What does specifically specifically mean?
I honestly don’t understand why people bother to debate the first clause of the amendment. The second clause, “the right of the people to keep and bear arms shall not be infringed,” seems clear enough, and I see nothing that makes it contingent on the first clause. So the first clause is essentially a waste of ink. They might as well have written, “I like ponies, and the right of the people to keep and bear arms shall not be infringed.”
That said, as a veteran and the owner of several guns, I think the amendment should be repealed and replaced with something that is cognizant of the fact that “arms” can mean almost anything, including “strategic arms,” and that a literal reading of the current amendment allows me to carry a suitcase nuke around.
And given the current Supreme Court, I would not want to bet on what would happen if someone sued for his right to do just that.
There are many countries in Europe that don’t recognize a right to bear arms. Are they not free societies? OTOH, name one country on earth without the right of a free press that you consider to be free.
As I said in my second post…
[QUOTE=John Mace]
There are many countries in Europe that don’t recognize a right to bear arms. Are they not free societies?
[/QUOTE]
There are many countries in Europe who feel it IS right for the government to ban certain aspects of free speech, and several that impinge on religious freedom (such as the right to wear religious garments or icons). Are they free societies? I’d say yes…but their definition of ‘free’ DIFFERS from ours. That’s why we aren’t European and they aren’t American.

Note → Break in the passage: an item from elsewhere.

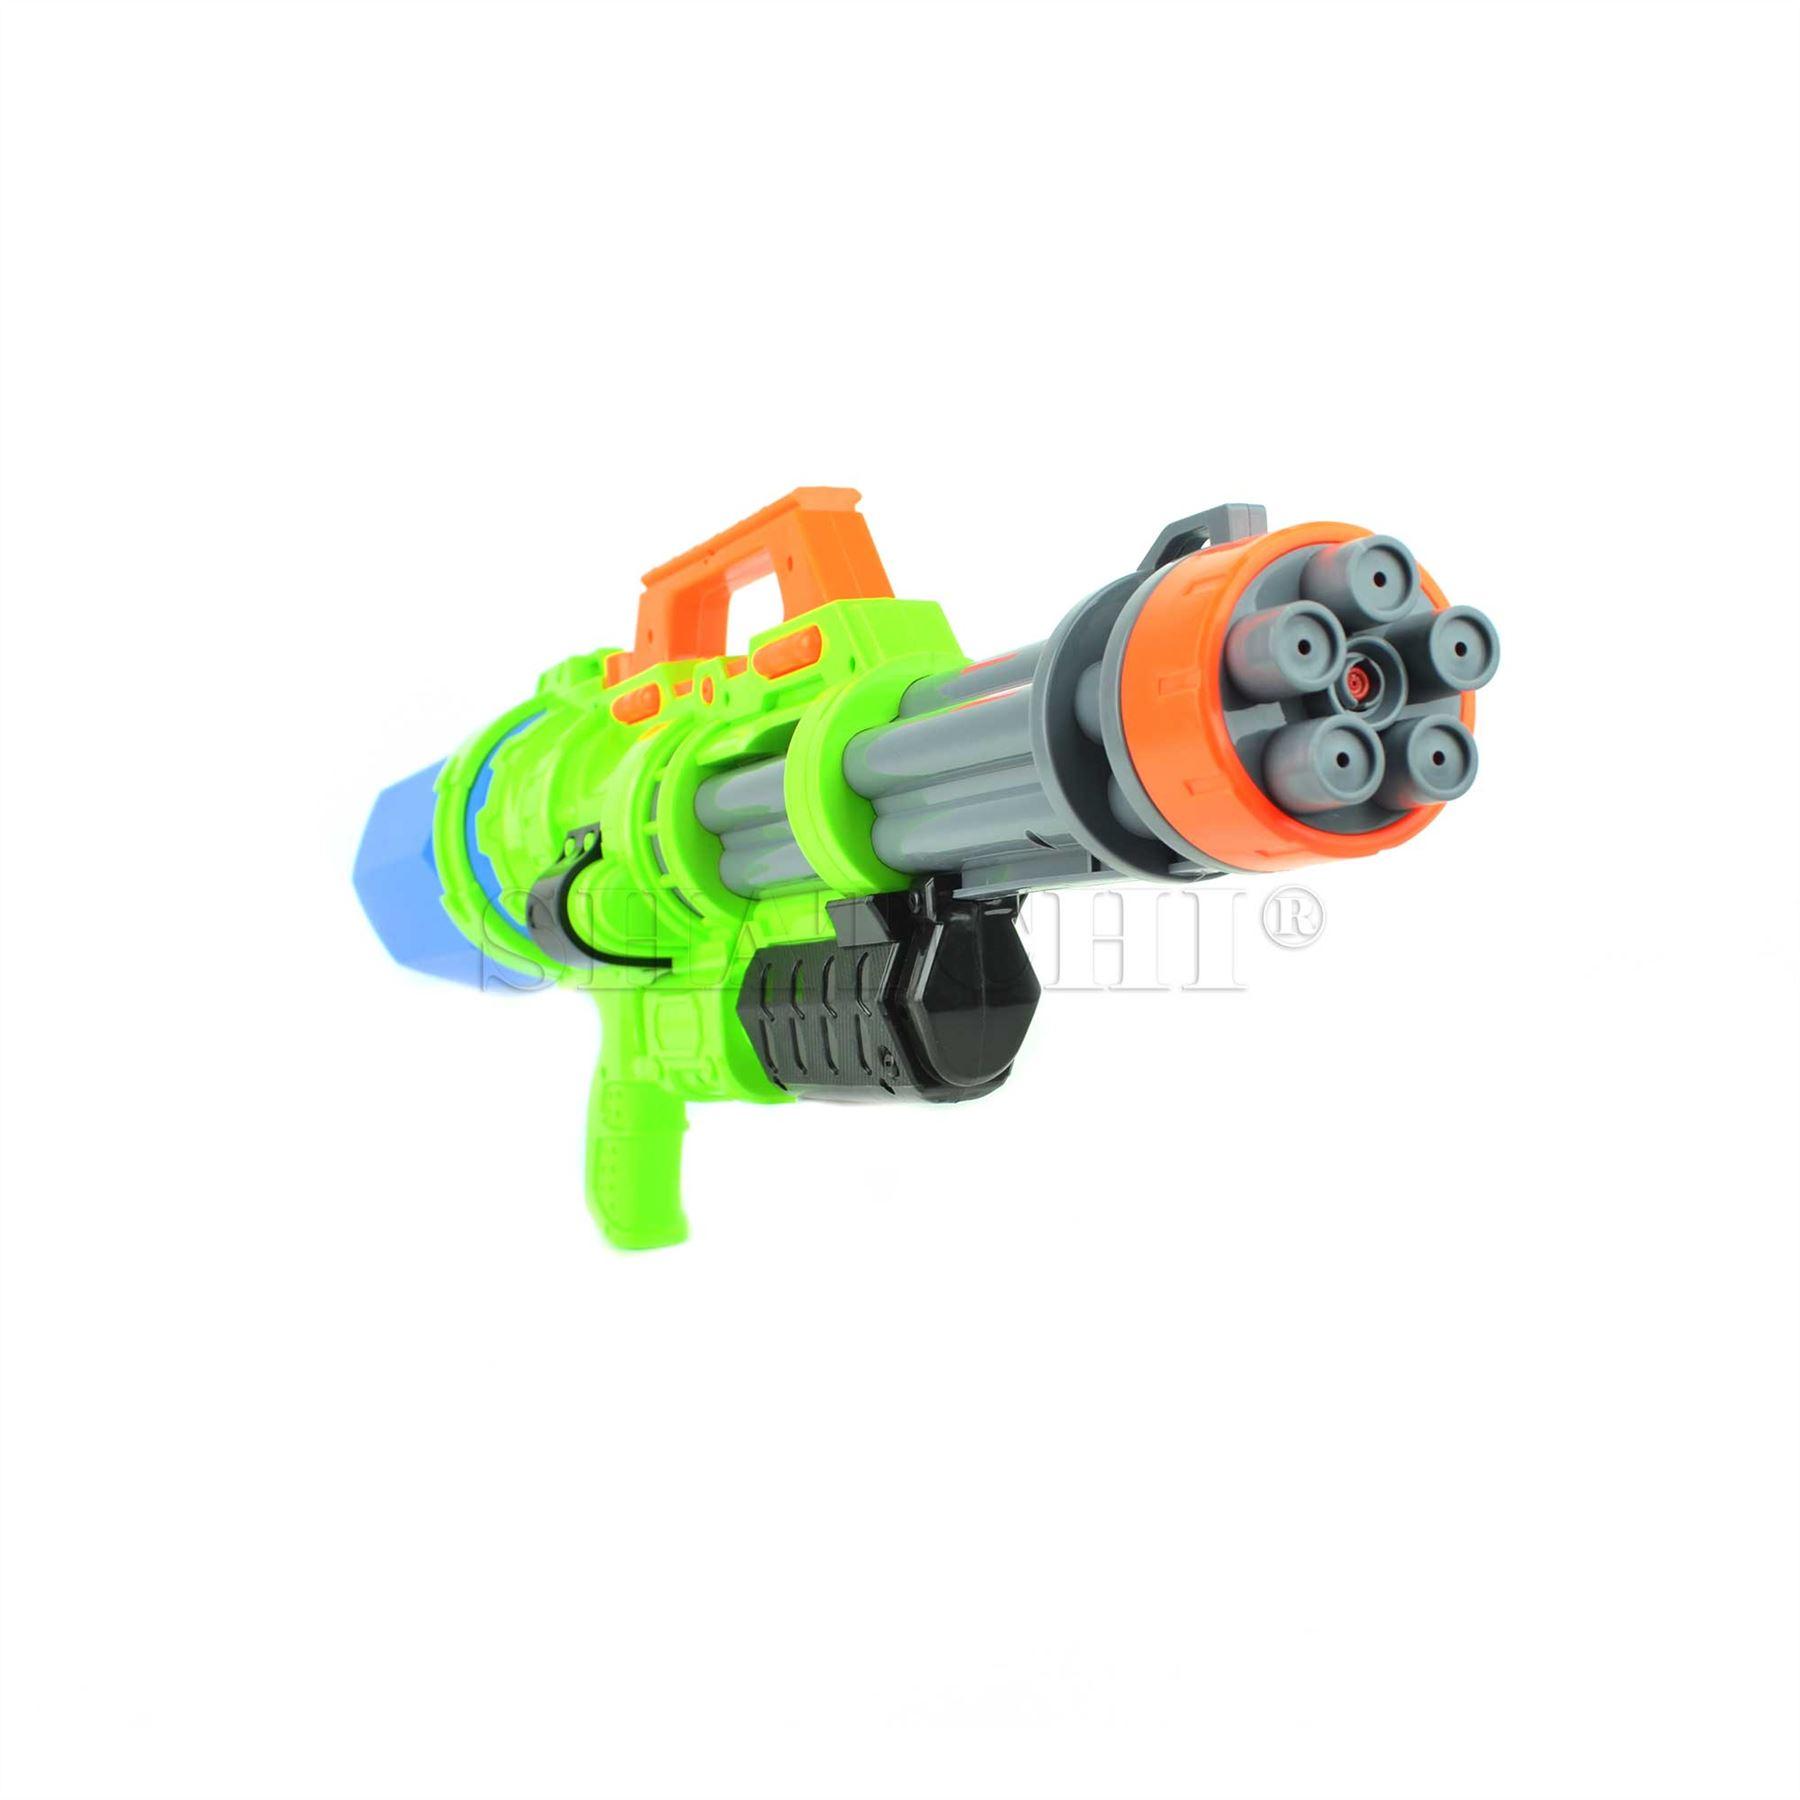 miniature 11 - Large Water Gun Pump Action Super Soaker Sprayer Backpack Outdoor Beach Garden

Depends on your definition of ‘free press’. Try and publish something concerning Holocaust denial in, say, Germany and then we can debate what is ‘free’. Basically, because other countries do something does not mean that we have to…or vice versa. There are many aspects of European government in the various European countries that would grate on Americans…and, again, vice versa. Gun ownership is merely one of the differences, and personally it doesn’t get much traction with me that Europeans or anyone else don’t agree that personal gun ownership should be a protected right. I’m sure they are militantly disinterested in my opinion on things I disagree with that they do as well. ![]()
-XT
Well, we restrict “certain aspects” of arms, too. If we had a 2nd amendment with restrictions comparable to Germany’s anti-NAZI speech laws, it wouldn’t be much of a 2nd amendment. You might be able to buy a BB gun.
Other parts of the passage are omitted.